Sylvain Lebresne resolved CASSANDRA-3510.
-----------------------------------------

       Resolution: Fixed
    Fix Version/s: 1.0.4
         Reviewer: amorton
         Assignee: Sylvain Lebresne

Committed
                
> Incorrect query results due to invalid SSTable.maxTimestamp
> -----------------------------------------------------------
>
>                 Key: CASSANDRA-3510
>                 URL: https://issues.apache.org/jira/browse/CASSANDRA-3510
>             Project: Cassandra
>          Issue Type: Bug
>          Components: Core
>    Affects Versions: 1.0.3
>            Reporter: Aaron Morton
>            Assignee: Sylvain Lebresne
>            Priority: Critical
>             Fix For: 1.0.4
>
>         Attachments: 0001-3510-ignore-maxTimestamp-if-Long.MIN_VALUE.patch, 
> 0002-3510-update-maxTimestamp-during-repair.patch, 3510.patch
>
>
> related to CASSANDRA-3446
> (sorry this is so long, took me a bit to work through it all and there is a 
> lot of new code :) )
>  
> h1. Summary
> SSTable.maxTimestamp for files created before 1.0 defaults to Long.MIN_VALUE, 
> and this means the wrong data is returned from queries. 
>  
> h2. Details 
> Noticed on a cluster that was upgraded from 0.8.X to 1.X, it then had trouble 
> similar to CASSANDRA-3446. It was rolled back to 0.8 and the migrated to 
> 1.0.3. 
> 4 Node cluster, all files upgraded to "hb" format. 

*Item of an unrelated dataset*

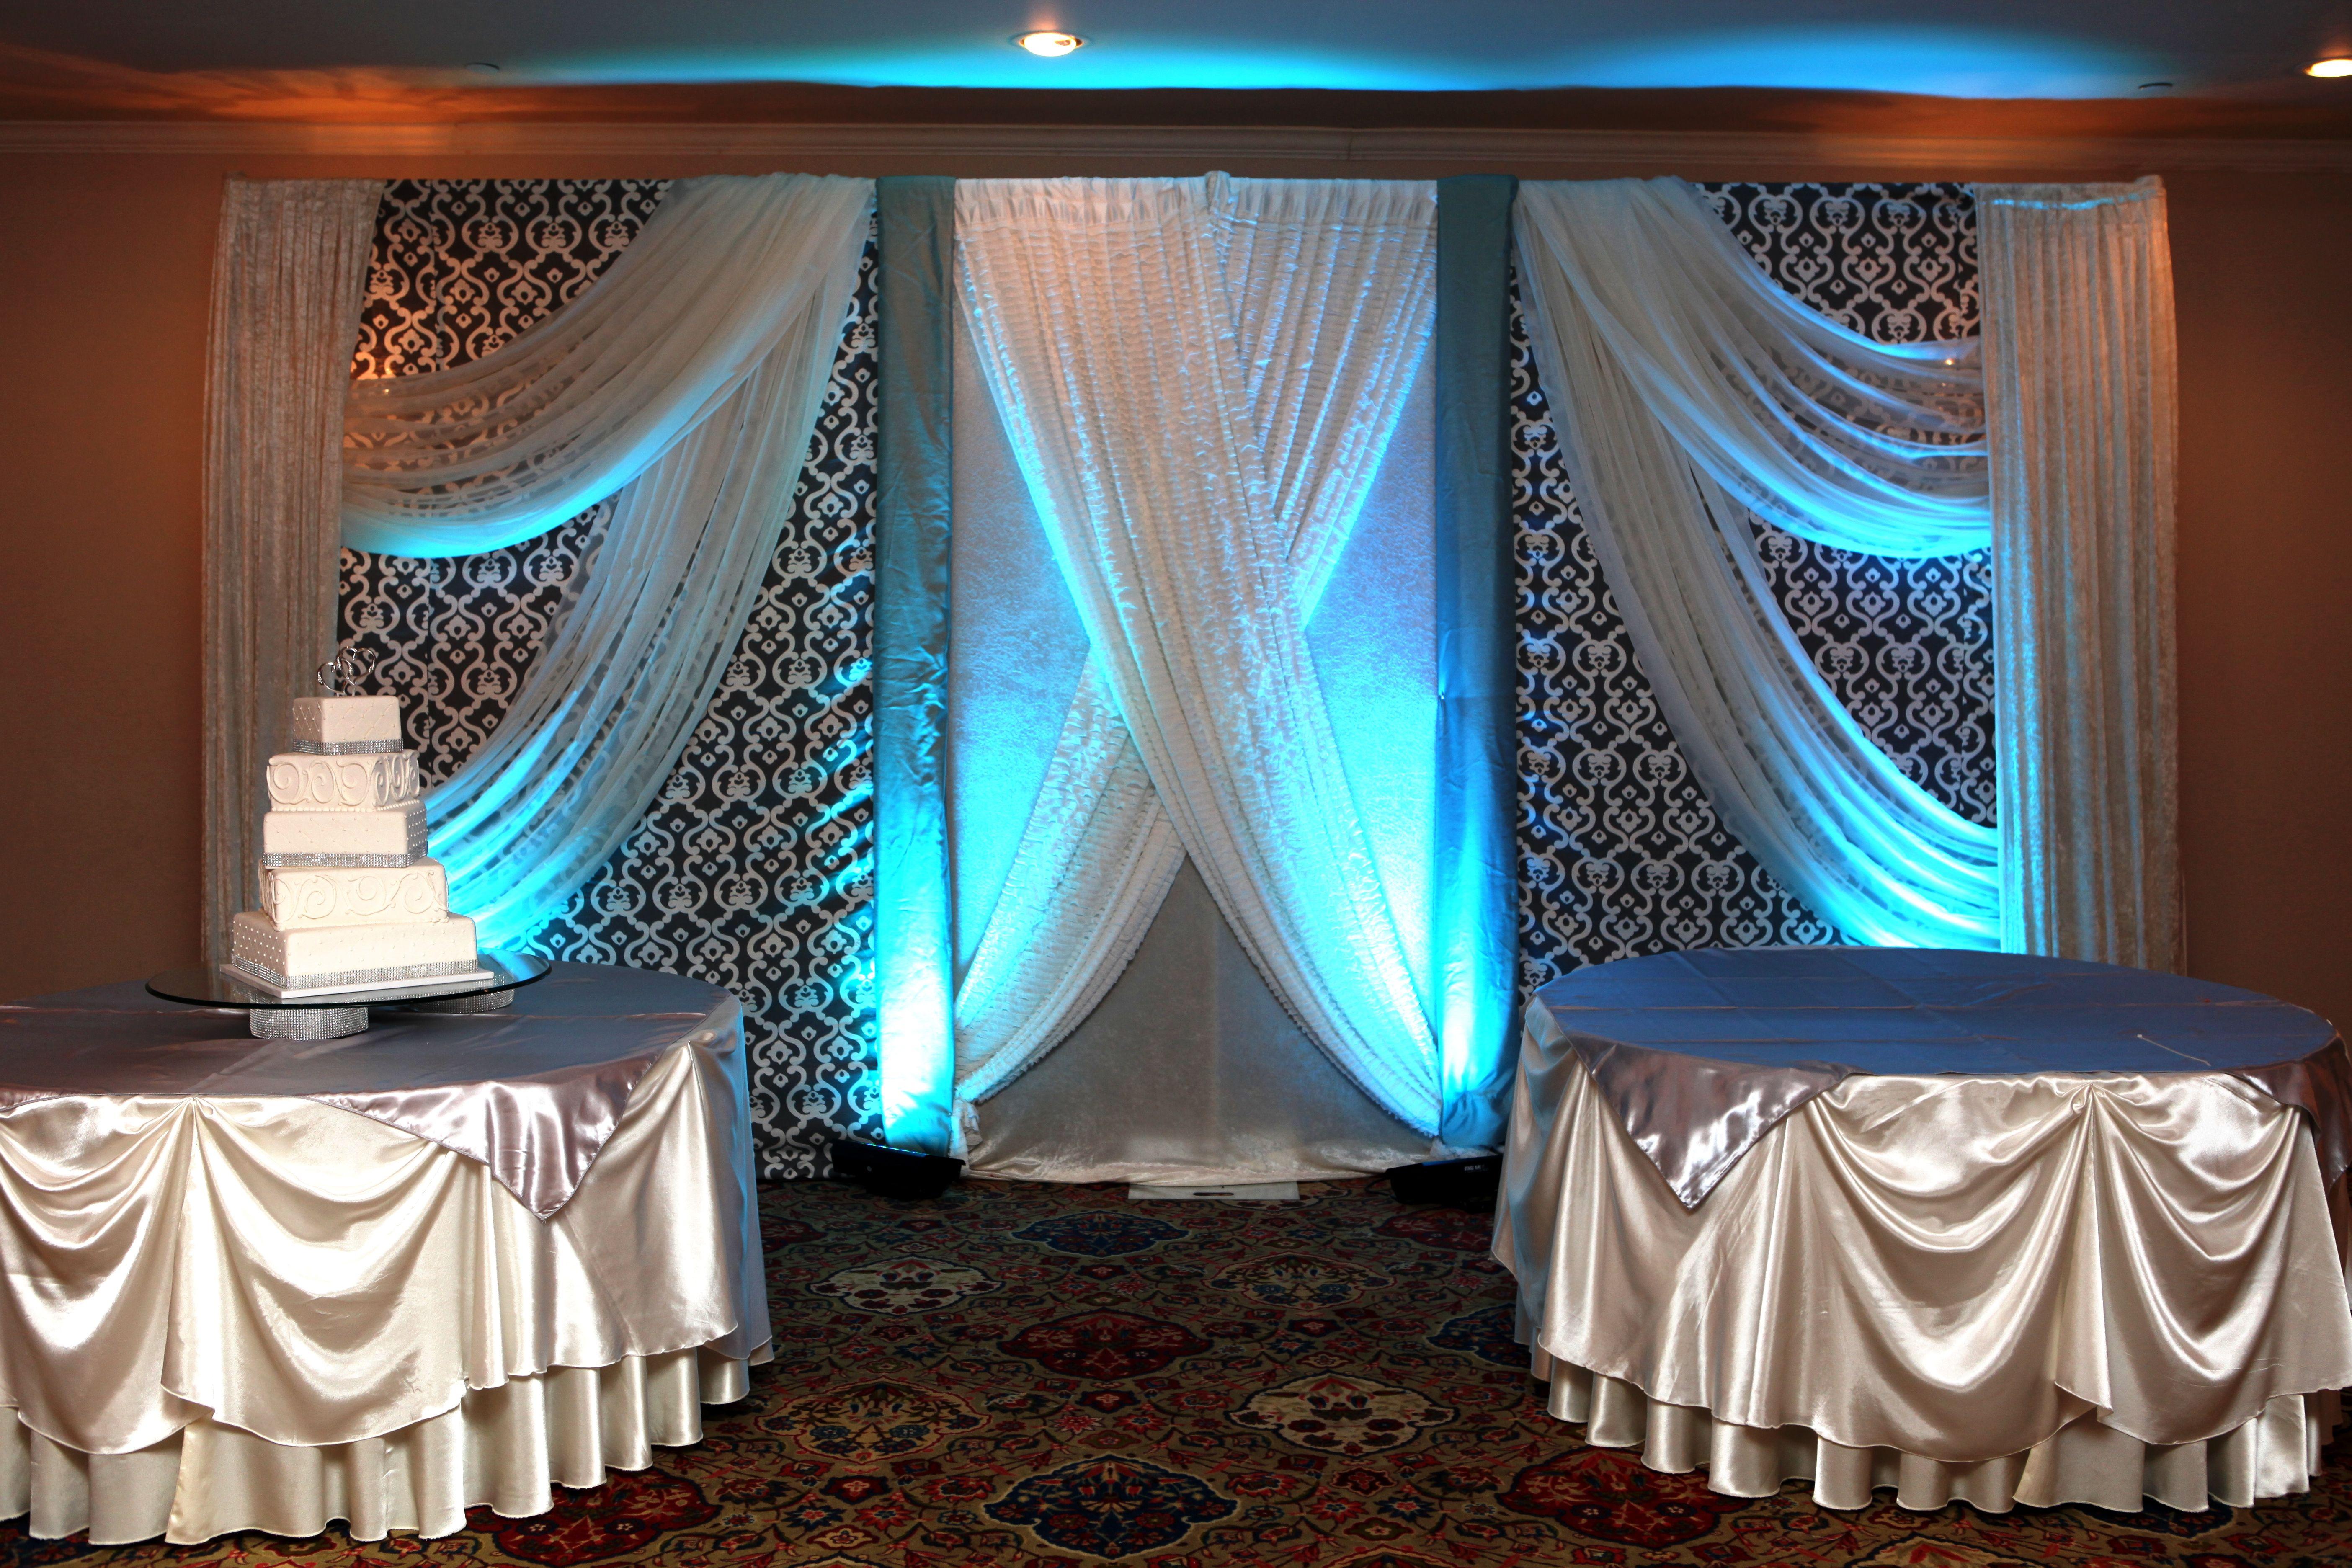 Wedding stage decoration with balloons  Pelazzio Full Service Wedding Venue creates beautiful custom

> In a super CF there are situations where a get for a sub columns returns a 
> different value than a get for the column. .e.g. 
> {noformat}
> [default@XXX] get Users[ascii('username')]['meta']['password'];
> => (column=password, value=3130323130343130, timestamp=1307352647576000)

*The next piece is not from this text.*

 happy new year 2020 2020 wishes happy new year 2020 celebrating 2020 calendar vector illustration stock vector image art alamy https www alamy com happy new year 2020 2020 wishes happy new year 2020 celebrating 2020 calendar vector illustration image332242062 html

> [default@XX] get Users[ascii('username')]['meta'];     
> (snip)       
> => (column=password, value=3034323131303034, timestamp=1319563673493000)
> {noformat}
> The correct value is the second one. 
> I added logging after line 109 in 
> o.a.c.db.CollectionController.collectTimeOrderedData() to log the sstable 
> name and the file max timestamp, this is what I got:
> {code:java}
> for (SSTableReader sstable : view.sstables)
> {
>     long currentMaxTs = sstable.getMaxTimestamp();
>     logger.debug(String.format("Got sstable %s and max TS %d", sstable, 
> currentMaxTs));
>     reduceNameFilter(reducedFilter, container, currentMaxTs);
> {code}
> {noformat}
> DEBUG 14:08:46,012 Got sstable 
> SSTableReader(path='/var/lib/cassandra/data/X/Users-hb-12348-Data.db') and 
> max TS 1321824847534000
> DEBUG 14:08:47,231 Got sstable 
> SSTableReader(path='/var/lib/cassandra/data/X/Users-hb-12346-Data.db') and 
> max TS 1321813380793000
> DEBUG 14:08:49,879 Got sstable 
> SSTableReader(path='/var/lib/cassandra/data/X/Users-hb-12330-Data.db') and 
> max TS -9223372036854775808
> DEBUG 14:08:49,880 Got sstable 
> SSTableReader(path='/var/lib/cassandra/data/X/Users-hb-12325-Data.db') and 
> max TS -9223372036854775808
> {noformat}
> The key I was reading is present in files 12330 and 12325, the first contains 
> the *old / wrong* value with timestamp 1307352647576000 above. The second 
> contains the *new / correct* value with timestamp 1319563673493000.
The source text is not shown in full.